Abstract

A symmetrical radio over a colorless wavelength-division multiplexing passive optical network with wavelength reuse based on polarization multiplexing and coherent detection incorporating digital phase noise cancellation is proposed and experimentally demonstrated. For the downlink, two optical signals are intensity modulated by two different 16-QAM downstream microwave vector signals that are polarization multiplexed at the optical line terminal (OLT). Then, the two orthogonally polarized optical signals are transmitted to the optical network unit (ONU). At the ONU, one of the two orthogonally polarized optical signals is selected to be reused for the uplink transmission. Then, the reused optical signal is split into two channels by a 3-dB coupler. One portion of the reused optical signal is phase modulated by a 16-QAM upstream microwave vector signal, while the other portion is intensity modulated by another 16-QAM upstream microwave vector signal.

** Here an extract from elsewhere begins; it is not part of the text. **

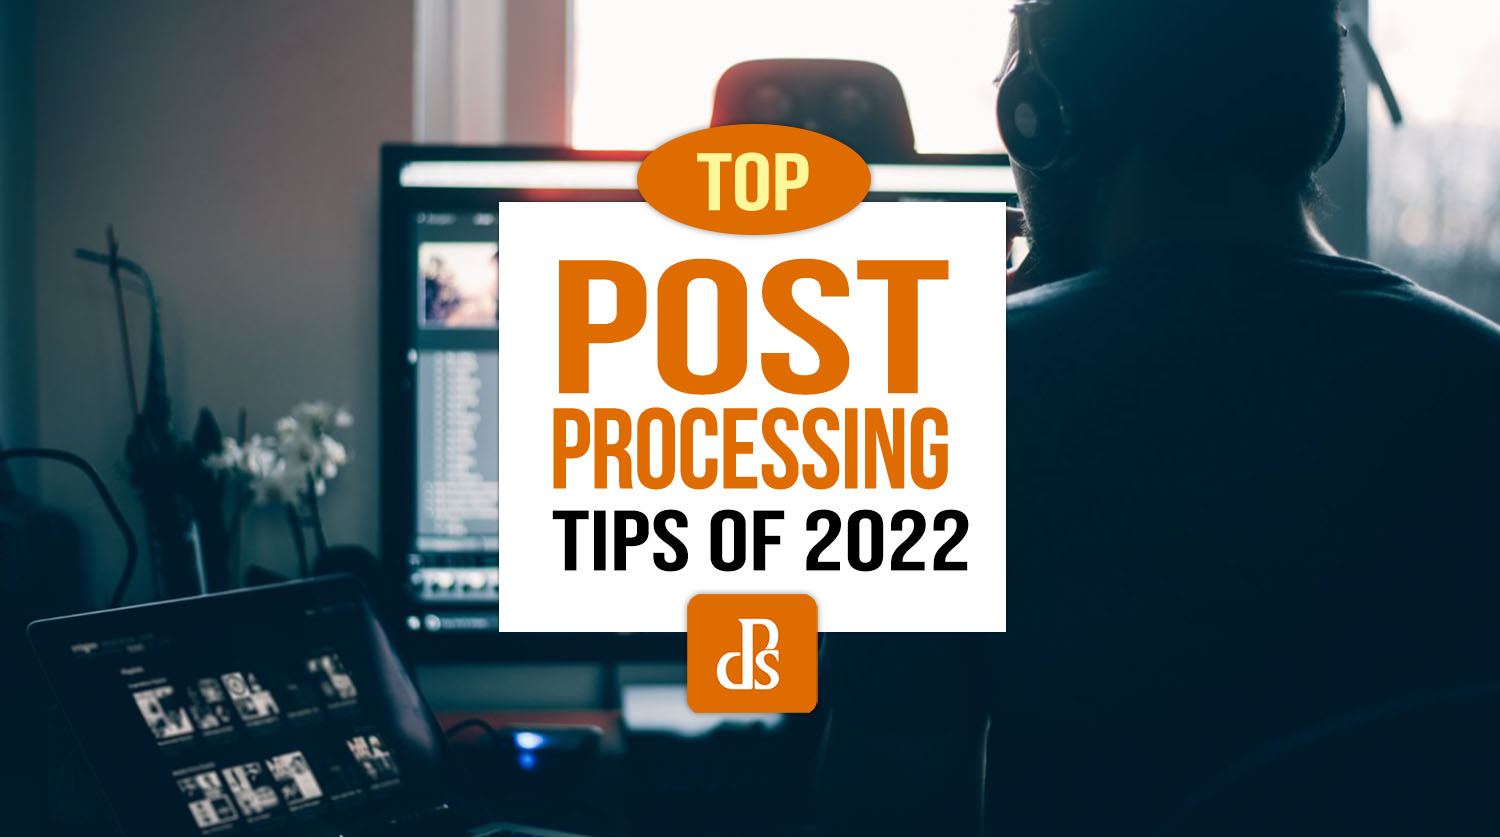 Top Post-Processing Tips of 2022

Again, the two portions of the optical signals are polarization multiplexed and transmitted back to the OLT. At the OLT, a coherent receiver with a digital signal processing (DSP) unit is used to detect the upstream optical signals. Two DSP algorithms are developed to recover the two 16-QAM upstream microwave vector signals. The transmission of two 2.5-Gb/s 16-QAM downstream microwave vector signals and two 2.5-Gb/s 16-QAM upstream microwave vector signals over a 10.5-km single-mode fiber is experimentally demonstrated. The error vector magnitudes for both the down and upstream transmissions are measured to be 7.3% and 8.65%, which are good enough to achieve error-free transmission with forward error correction.